Нестройный гул прокатился по шеренгам. Антоло не поставил бы и медный грош на то, что большинство новобранцев довольны своей грядущей «непобедимостью». Но генерал воспринял ропот подчиненных как одобрение своих слов. Привстав на цыпочки, он заорал во все горло:
– Слава Триединому!
– Слава! Слава! Слава! – троекратно гаркнули солдаты.
– Слава его императорскому величеству, да живет он вечно!
– Да живет! Да живет! Да живет!
– Пускай крепнет и процветает Сасандра во веки веков!
– Во веки веков!!!
Антоло с удивлением ощутил, что кричит наравне со всеми и едва ли не громче других. Откуда-то в душе появилось незнакомое прежде воодушевление. Будто бы ему есть дело до побед Сасандры, подчинения новой провинции, военных операций, наград, на которые рассчитывают полковники и генералы. Он-то не полковник и даже не лейтенант. Он солдат. Причем солдат не своей волей, а прихотью чиновника, решившего за счет нарушивших закон жителей Империи пополнить армию, страдающую от отсутствия новобранцев. И его задача – выжить: не дать повстанцу-тельбийцу проткнуть себя дротиком, не умереть в обозе от кровавого поноса, не отравиться протухшим мясом, не утонуть в реке или болоте, не надорваться, ворочая бревна для лагеря или осадные машины. Да еще и при всем при этом нужно остаться человеком…
– Убивать не буду… – буркнул он Емсилю, когда их десяток наконец-то добрался до котла с пшенной кашей, сдобренной поджаренными кусочками сала.
– Ха! Убивать он не будет! – хлопнул себя по ляжке Горбушка. – Как же ты воевать думаешь?
– Не знаю! – резко ответил табалец, забывая, что третьего дня решил не разговаривать с нахальным нищим. – Придумаю что-нибудь…
– И что же? – ухмыльнулся Вензольо. Уж он-то не терзался сомнениями – убивать, не убивать, – а принял армейский быт и порядки сразу и безоговорочно.

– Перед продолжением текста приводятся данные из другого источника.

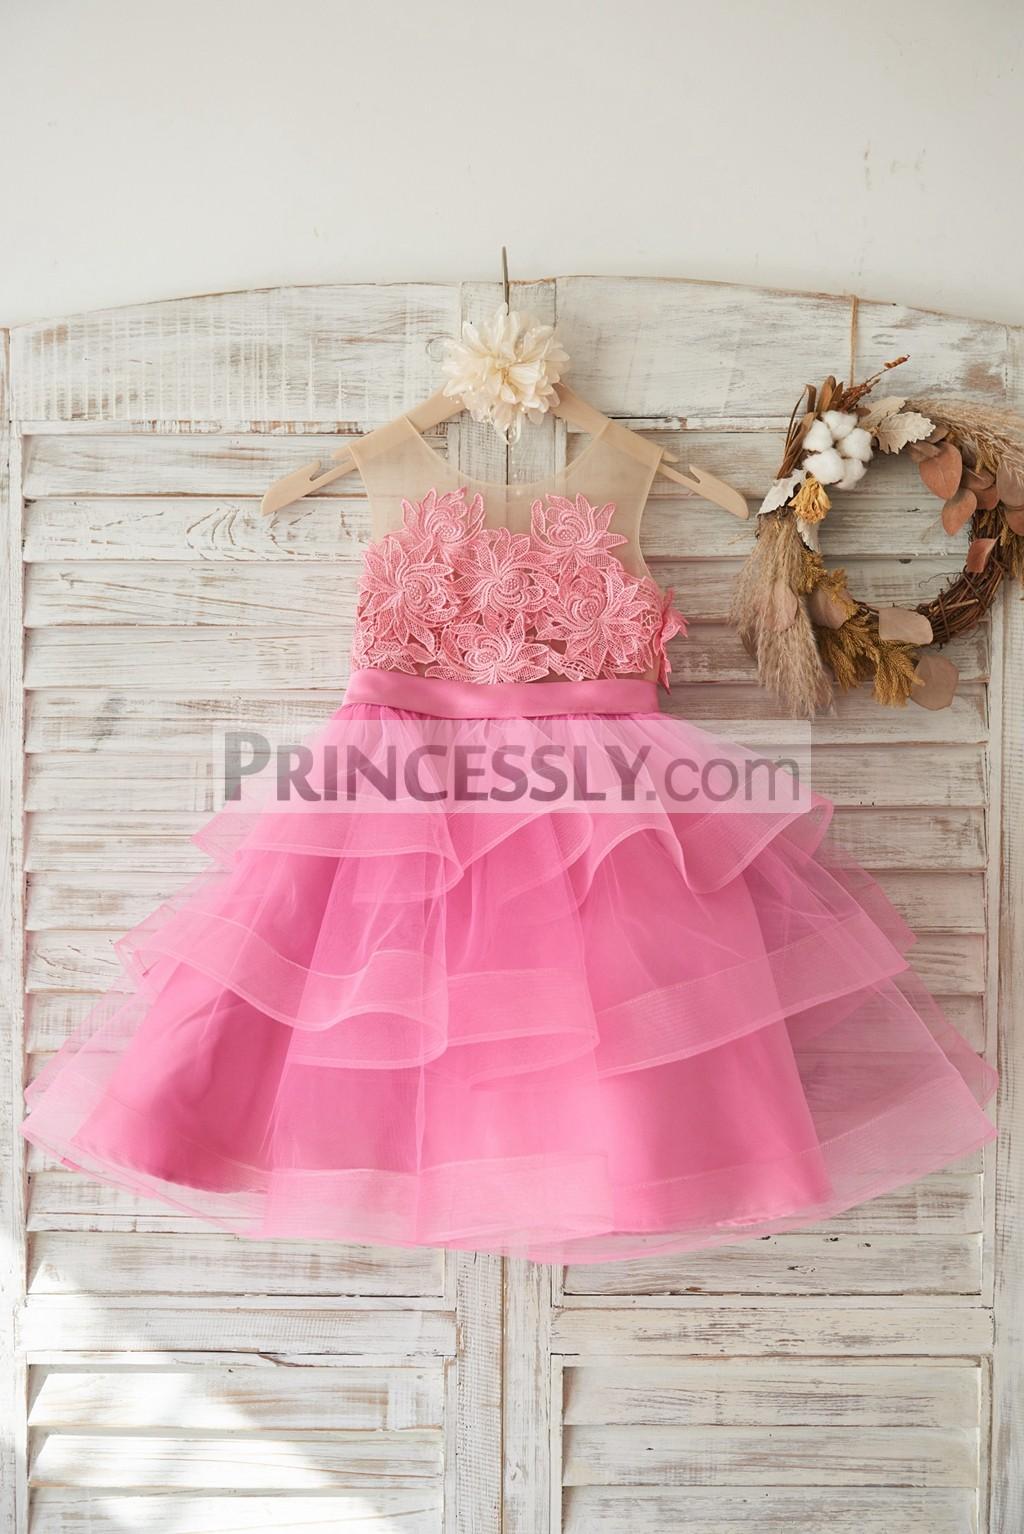 Fuchsia cotton lace applique cupcake tulle flower girl dress

– А не знаю! Удеру, например.
– Что-о? – прищурился Горбушка.
А Емсиль толкнул приятеля локтем, глазами указывая на молча жевавшего немного в стороне от подчиненных Дыкала:
– Ты что – тронулся? Разве такое можно говорить?

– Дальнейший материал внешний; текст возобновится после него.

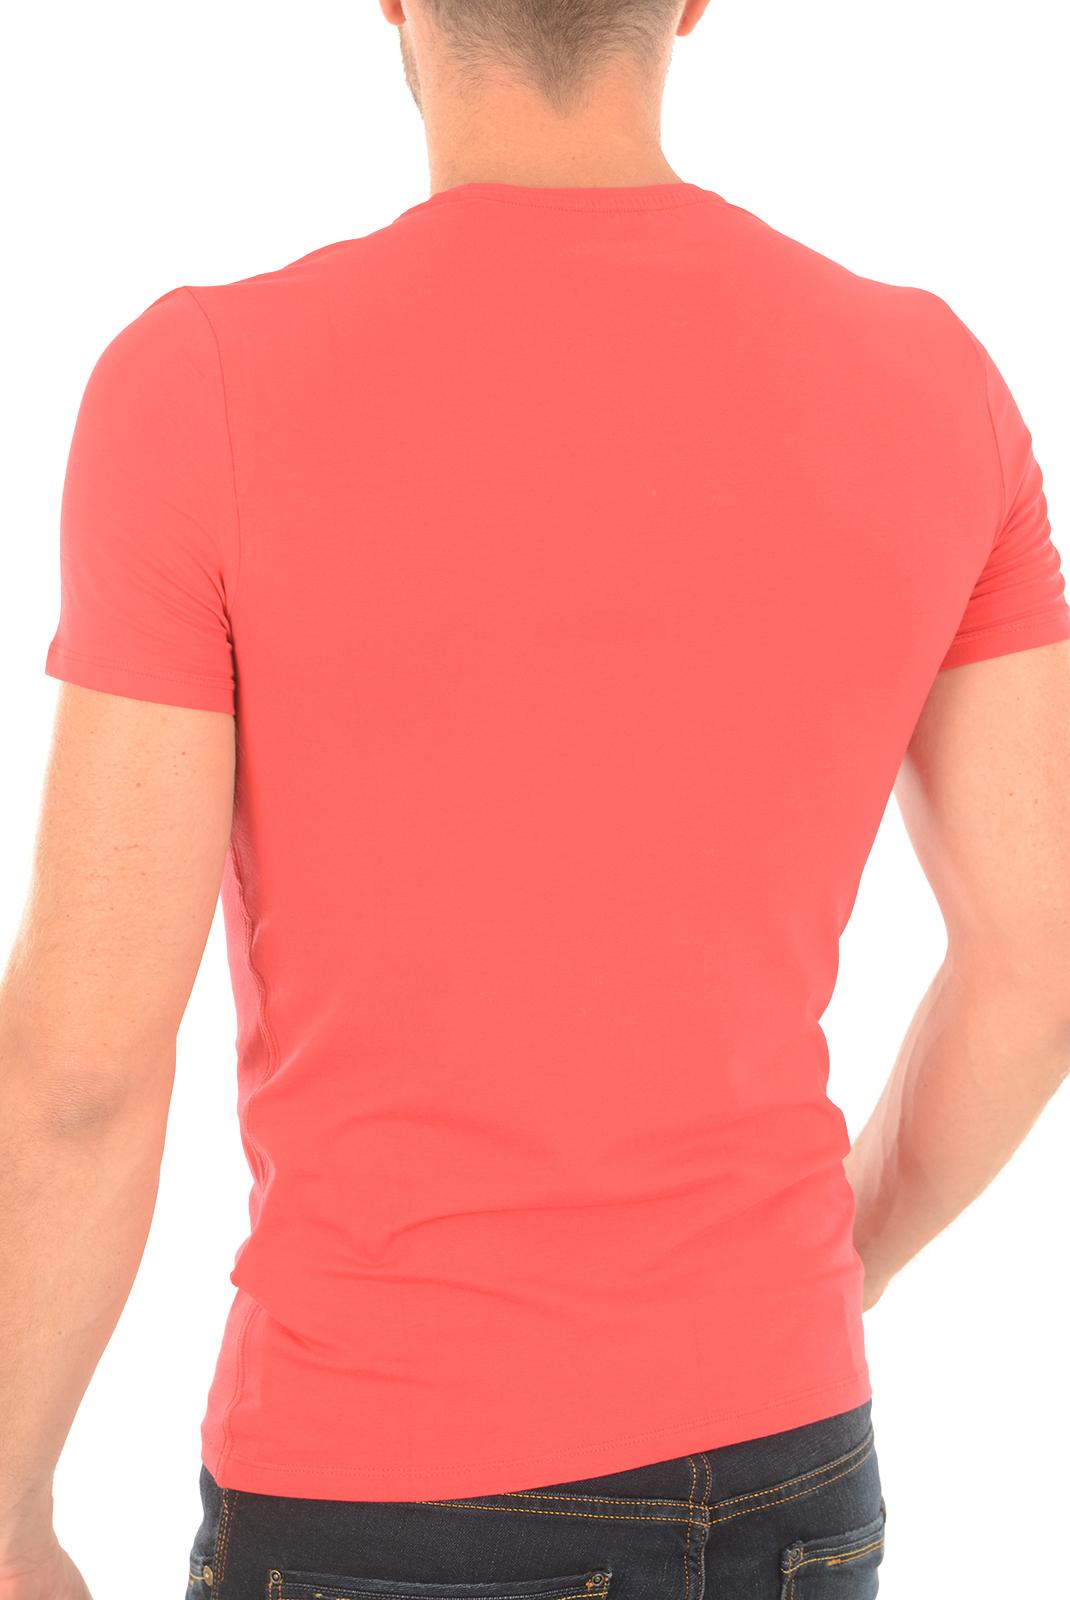 T-S manches courtes  Guess jeans M73I55 J1300 C502 ROUGE

Но Антоло уже и сам понял, что сболтнул лишку.
– Нет, удирать, конечно, я не буду… – поправился он. – И не потому, что не хочу! – Он зло глянул в сторону Горбушки с приспешниками и Вензольо. – А потому, что понимаю – кто мне даст? Бр-р-р-р…

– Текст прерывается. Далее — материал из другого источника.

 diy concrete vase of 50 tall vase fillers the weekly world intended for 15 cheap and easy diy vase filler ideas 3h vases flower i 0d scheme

Парень вспомнил, как расправились с двумя новобранцами из числа поселян, угодивших в тюрьму за недоимки. Это случилось еще по дороге к учебному лагерю. Бедняги решили, что сумеют скрыться – ведь путь колонны свежеиспеченных солдат проходил в десятке миль от их деревни. Как бы не так! Особым образом натасканные сторожевые коты разыскали и нагнали их, невзирая на хитрые, казалось бы, уловки – сдваивание следа, ходьба по ручью и тому подобное. Догнали, хорошенько изваляли в том самом ручье, который сулил надежду на спасение, изодрали когтями одежду и держали носами в грязи до прихода надсмотрщиков. Охраняли колонну, понятное дело, не тюремные надзиратели – где уж им, ленивым и толстозадым, – а окраинцы из конвоя. Ходят слухи, они там у себя в степях постоянно воюют с кентаврами, и жестокость становится едва ли не обыденной. Режь, или тебя зарежут, сожги чужое стойбище, иначе сожгут твое, убей сына врага, а не то он вырастет и отомстит за погибшего отца. Но жителей земель, примыкающих к Великому озеру, каких среди новобранцев оказалось большинство, расправа над беглецами поразила. Их приволокли по земле, привязав за ноги к седлам коней. При этом сторожевые коты бежали рядом и, играючи, то и дело отмахивали широченными когтистыми лапами по пленникам, стараясь попасть по лицу. Достигнув колонны, окраинцы для начала отстегали неудавшихся дезертиров тяжелыми плетками – говорят, они в конец ремня заплетают кусок железа, и такое оружие убивает в прыжке дикого кота, если попадает по темени. Потом сноровисто освободили от скарба одну из телег обоза, установили на ней две жерди крест-накрест и привязали беглецов к ним спиной к спине. Прочим для острастки. Телегу возили вдоль колонны еще два дня, пока жили окровавленные, покрытые синяками селяне. К концу второго дня их тел не было заметно под слоем мух, ос и слепней. Похоронить умерших окраинцы не дали. Просто сбросили вместе с жердями с телеги на обочину. Больше желающих удирать не находилось.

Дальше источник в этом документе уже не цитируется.